Je me souviens du jeune homme, fier, mais quand même timide, qui chantait quasi clandestinement dans les salons et les jardins sous la dictature de Jean-Claude Duvalier
Cette semaine, Manno Charlemagne aurait eu 77 ans.
Je me souviens du jeune homme, fier, mais quand même timide, qui chantait quasi clandestinement dans les salons et les jardins sous la dictature de Jean-Claude Duvalier, quand on nous imposait un serment au drapeau et que l’eau soulevée par les longs cortèges mouillait (déjà) les badauds à Carrefour.
Je me souviens de « Chak maten m leve m sèmante, an verite sa sa regle ! », de « Se Kafou m rete… ». Ce Manno-là ne se prenait pas encore pour un théoricien marxiste-léniniste. Il chantait le social, partait de la réalité sociale. Il y avait dans ses chansons de l’époque un radicalisme dans la critique sociale, plus incompatible avec l’ordre social que les appels qu’il fera plus tard à la révolution.

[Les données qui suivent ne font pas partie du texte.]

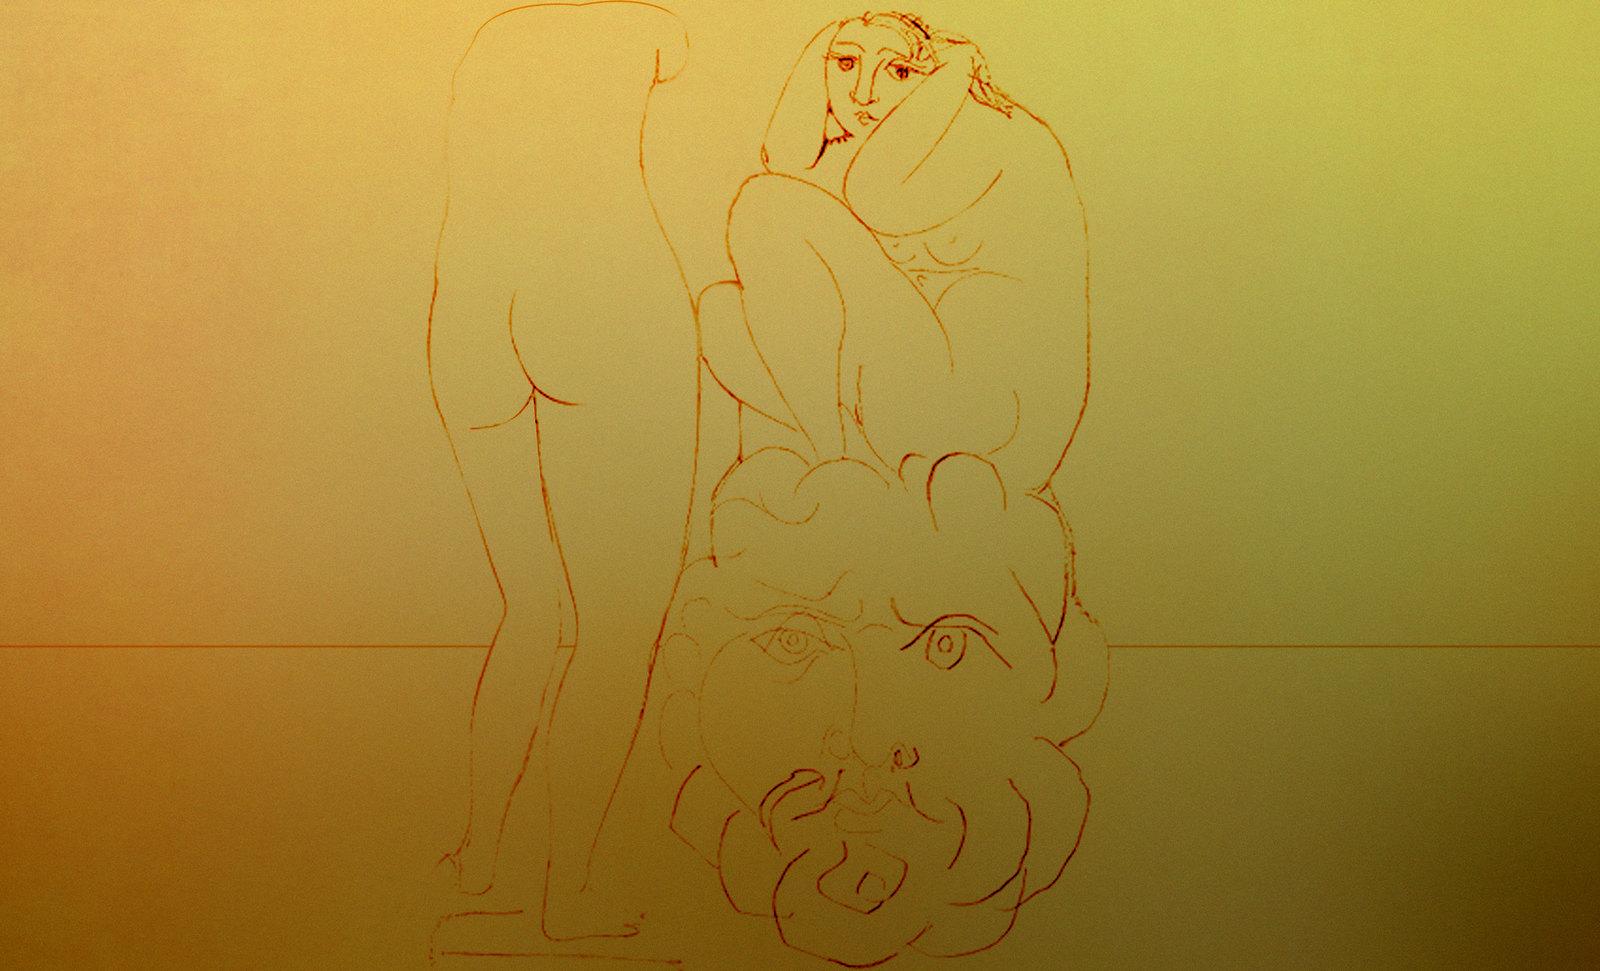 45Pablo Picasso

L’erreur commise (mais les erreurs aussi sont fondées socialement) par la gauche qui s’est voulue radicale, par les « progressistes » en général a été de confier la critique sociale, la charge d’énoncer le ressenti, la condition des dominés à des artistes, parfois populaires, mais toujours marginaux, quelques écrivains jugés géniaux, mais excentriques.
Il y avait dans ses chansons de l’époque un radicalisme dans la critique sociale, plus incompatible avec l’ordre social que les appels qu’il fera plus tard à la révolution.
Aujourd’hui encore, on parle plus de l’État que des conditions des pauvres, des dominés, des démunis, des exclus, de ceux dont les conditions d’existence et les pratiques symboliques sont considérées comme secondaires.
Le poème « Vous » de Carl Brouard, pour ceux qui l’ont lu et s’en souviennent, par son caractère exceptionnel dans les années vingt, confirmait la règle d’un silence sur le mal-être social, les écarts, la négation des masses dans leurs droits, leur être.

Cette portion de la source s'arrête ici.